The biggest mistake a small communications shop can make is trying to be everything everyone else wants it to be. While lack of staff and budget is an easy crutch to fall back on, it makes people think you’re lazy and unmotivated. Proactively tell, even publish, what services you will and will not provide (stress the will). Prioritize your responsibilities and do what is within your limitations, but do it as well as anyone can.
With regards to social communications, determine the channel or channels that allow you to connect with the majority of your most important audiences and limit your communications to that platform. If your audience is mostly on Facebook, then automate your blog or news RSS feed to Twitter, put in your Twitter bio that it’s a news feed but you can be found on Facebook and let it be. You can’t be a jack of all trades. If you try, you’ll disappoint everyone, rather than taking care of at least a few of the important ones.
But communicate to your audiences what channels you’re using, why you’re using them and what they can expect from you there. Then deliver that in spades.
Report Your Success, And That Of Others
Now that you’ve defined what you’re going to do, you’re doing it and measuring it appropriately, report to your higher-ups what you’re trying to accomplish and how far along you’re getting.
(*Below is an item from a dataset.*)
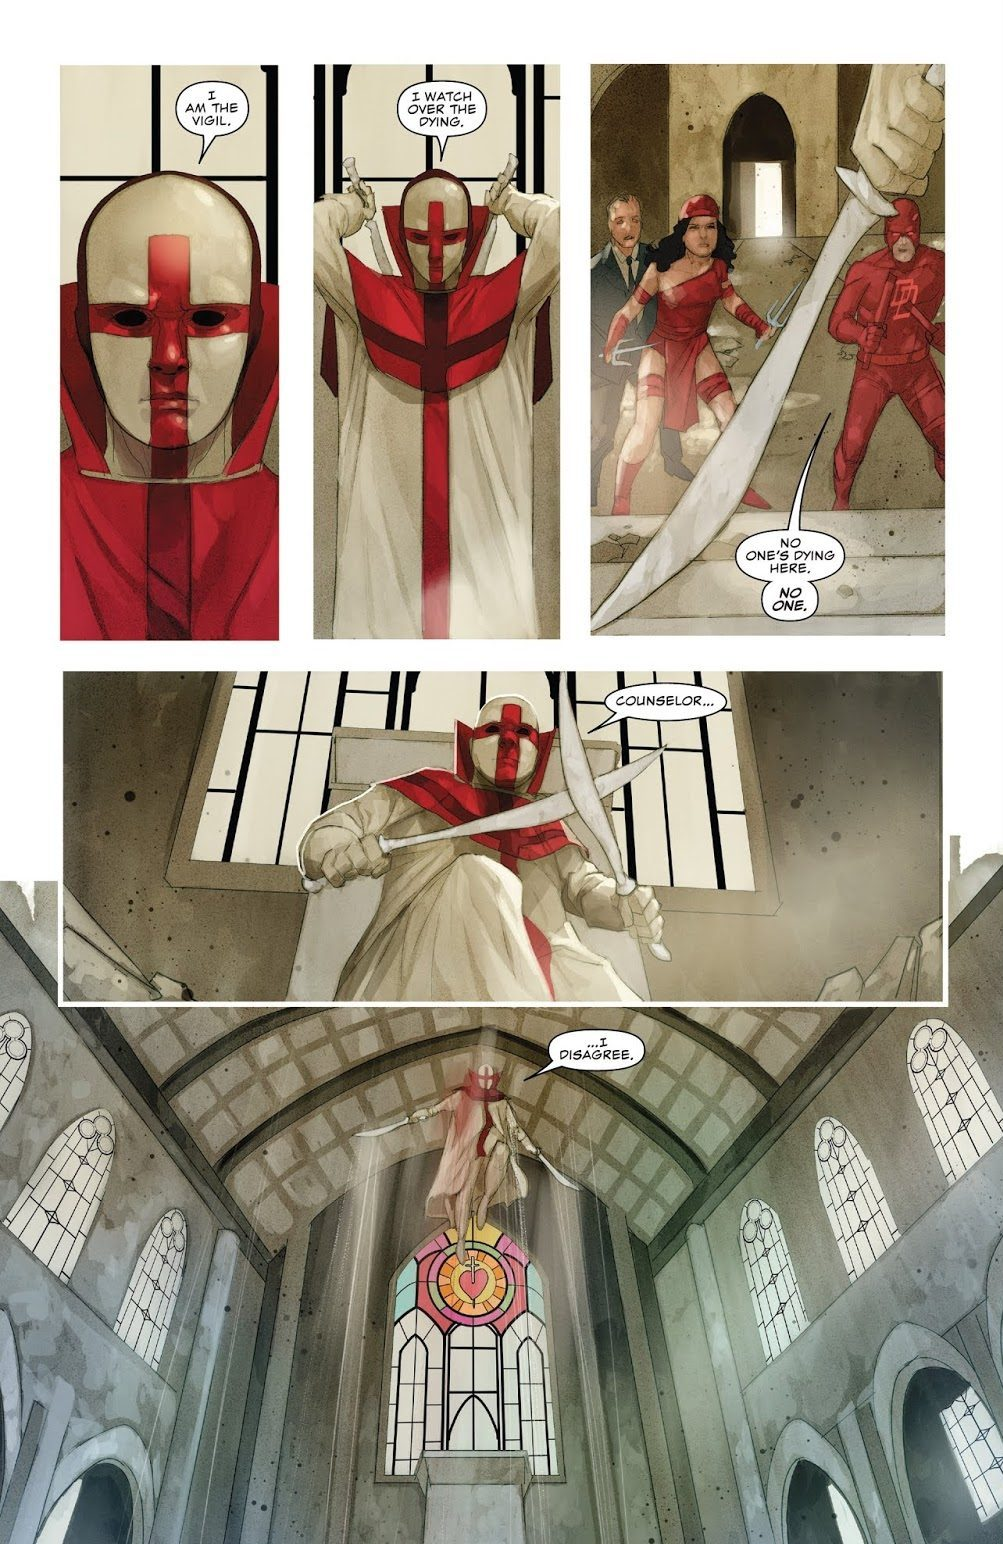 Daredevil-610-The-Vigil-spoilers-1-e1540992761441.jpg

But also tell them what your competition is doing. Estimate what they’re spending. Research how many staff members they have doing it. Your best chance of getting more money, more staff and less pressure is to let your direct reports understand what you’re up against. They’ll either lay off or get penis envy and you’ll start seeing some help.
We Are Smarter Than Me
Those are my ideas. What are yours? For those of you who operate with small staffs, small budgets and not enough hours in the day, how do you do it? How do you afford, manage, prioritize? Your feedback in the comments may just help someone break through and figure this whole thing out. Please … the comments are yours.